Выбрать главу

Муха, земные дни которой уже на исходе, для поэта Бродского, иудео-эллина, не источник заразы, не вредоносное существо, а Божья тварь, чья жизнь отмечена достойными деяниями:

Нас двое, стало быть. По крайней мере, когда ты кончишься, я факт потери отмечу мысленно — что будет эхом твоих с успехом
когда-то выполненных мертвых петель. Смерть, знаешь, если есть свидетель, отчетливее ставит точку, чем в одиночку.

В баснях живая тварь отвечает автору. Здесь ответов нет: разговор поэта с мухой — доверительный разговор поэта с самим собой. Умирать в одиночку ему не хочется: лучше, когда рядом свидетель. Для чего свидетель, читателю остается гадать. Первая разгадка — в народной мудрости: на миру и смерть красна.

А зачем и кому это нужно, чтобы смерть была красна? Поэт Рильке, когда умирал, хотел, чтобы рядом никого не было. Никого.

Нет, этот вариант не для него — не для Иосифа Бродского: ему нужен свидетель. Час грядет. Но сегодня именно он, поэт, и есть свидетель: мухин свидетель. Репетируя преодоление страха смерти, он готов — ради мухи! — пожертвовать собой:

Страх суть таблица зависимостей между личной беспомощностью тел и лишней секундой. Выражаясь сухо, я, цокотуха, пожертвовать своей согласен. Но вроде этот жест напрасен: сдает твоя шестерка, Шива. Тебе паршиво.

Сострадание к ближнему — это и сострадание к себе. К себе прежде всего. У мухи, с ее тезкой «неполною, по кличке Муза», есть кое-что, чего не унести с собою. Один из компонентов этого — комнатные обои, на которых сосредоточился поэтов «орган тренья о вещи в комнате, по кличке зренье». Хотя и безмерно далекий, с точки зрения физиологии и оптики, от фасеточных глаз мухи, он для поэта такой же инструмент оптической и эмоциональной памяти, которая располагает его к скорби по поводу того, что недалек момент, когда придется расстаться с обоями навсегда:

Увы, с собой их узор насиженный ты взять не в силах, чтоб ошарашить серафимов хилых там, в эмпиреях, где царит молитва,  идеей ритма и повторимости, с их колокольни — бессмысленной, берущей корни в отчаяньи, им — насекомым туч — незнакомым.
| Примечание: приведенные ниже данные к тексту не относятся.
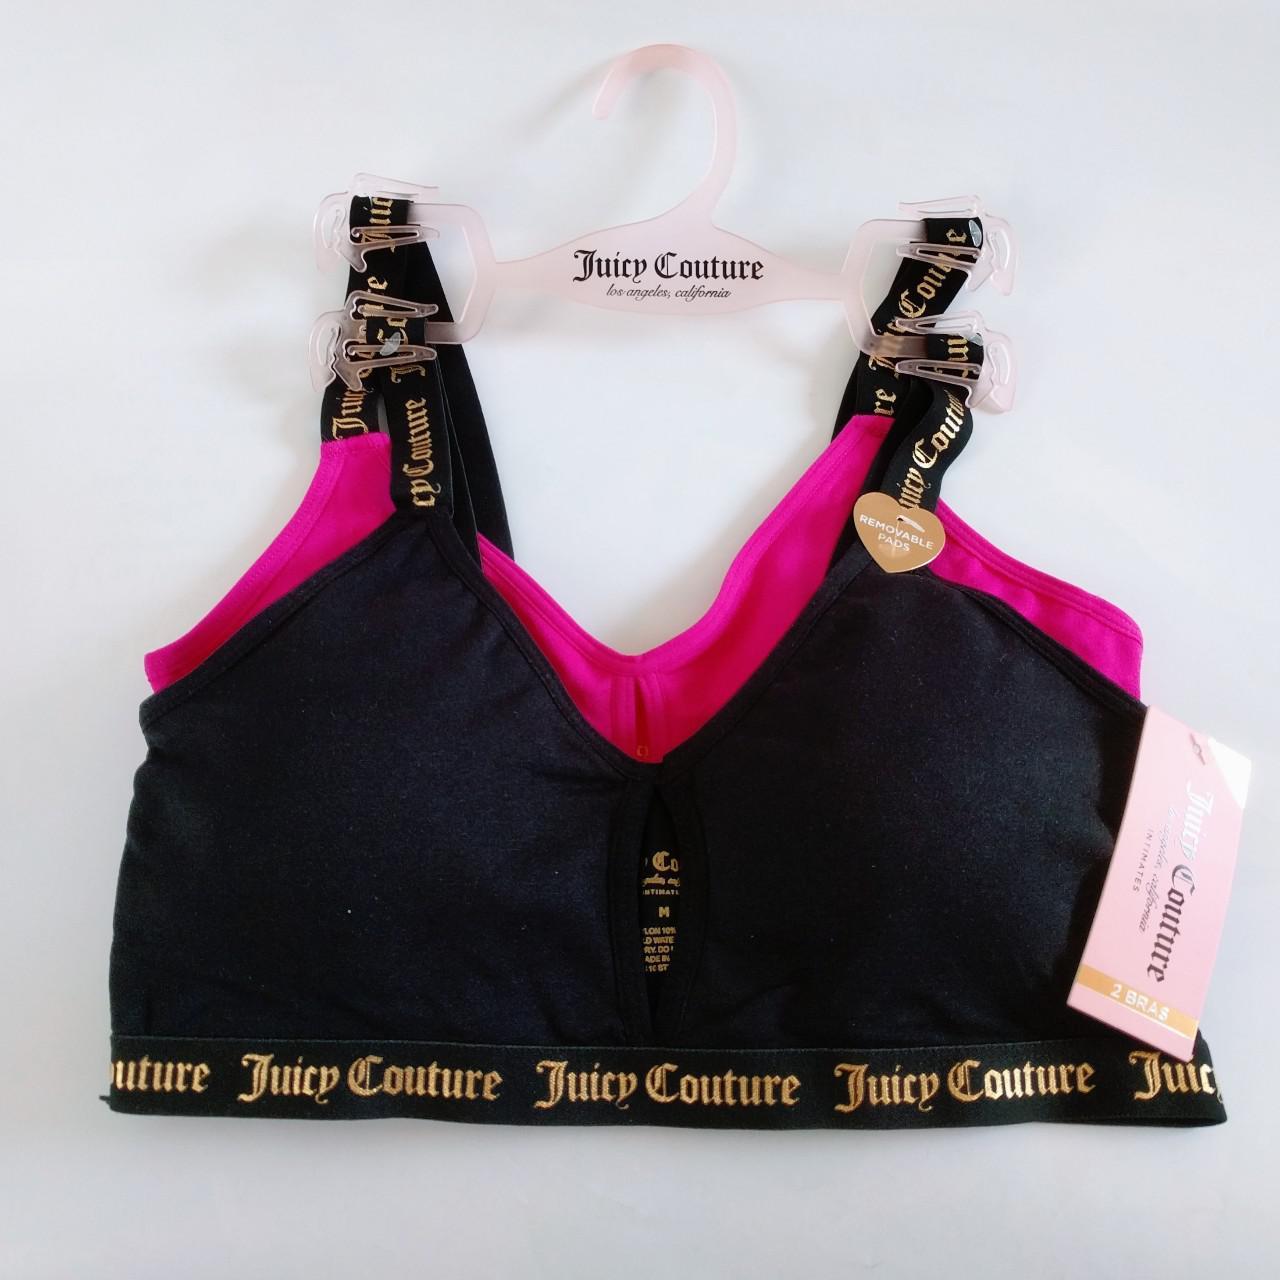 Juicy Couture, Intimates & Sleepwear, Nwt Juicy Couture 2pck Sport Bras

Эмпиреи — образ запредельного светоносного мира, заимствованный иудео-христианами из греческой мифологии. Однако еще ранее, до иудео-христиан, апологеты иудейской мистики в некоторых ситуациях считали уместным использование греческих формул, что прокладывало дорогу космогоническим образам и моделям, восходившим к эллинско-восточному сонму духов и магических заклинаний.

Серафимы в иудейской ангелологии были, однако, если не ровесниками, то младшими современниками херувимов, первый из которых поминается во времена Адама и Хавы, изгнанных из Эдемского сада, а последующие в дни Моше, когда несли они службу стражей при Ковчеге Завета.

Один из ближайших к Богу чинов иерархии — серафимы нисколько, вопреки поэтовой аттестации, не были хилыми. Напротив, это были шестикрылые удальцы, славившие Господа, как явлено было в видении пророку Йешаяу: «И поколебались верхи врат от гласа восклицающих…» (Йешаяу, 6:4).

Следуя минорному своему настрою, поэт изъял из картины, нарисованной воображением, всякий светлый луч, всякую звонкую ноту, как будто в самом деле готовился стать свидетелем если не конца мира, то близости его. Настроения этого рода и в былые времена, начиная с юношеских лет, не раз овладевали им. Однако и в миноре, если не поддаваться ему, можно найти батарею энергии, способную зарядить мысль, а с нею дух и душу.

Однажды, рассказывал поэт, «это было где-то в году 62-м. Я написал стихи „Все чуждо в доме новому жильцу“. На самом-то деле это, конечно, не про жильца, это метафора такая была. Потому что я вдруг понял, что стал не то чтобы новым человеком, но что в то же тело вселилась другая душа. И мне стало вдруг понятно, что я — это другое я» (С. Волков. «Разговоры с Иосифом Бродским»),

Сохраняя неизменным свой внешний, физический облик, человеческое тело в мгновение становится вместилищем другой души, той, которая и самому ему дотоле была неведома. Но переселение души вовсе не исключительное свойство человека.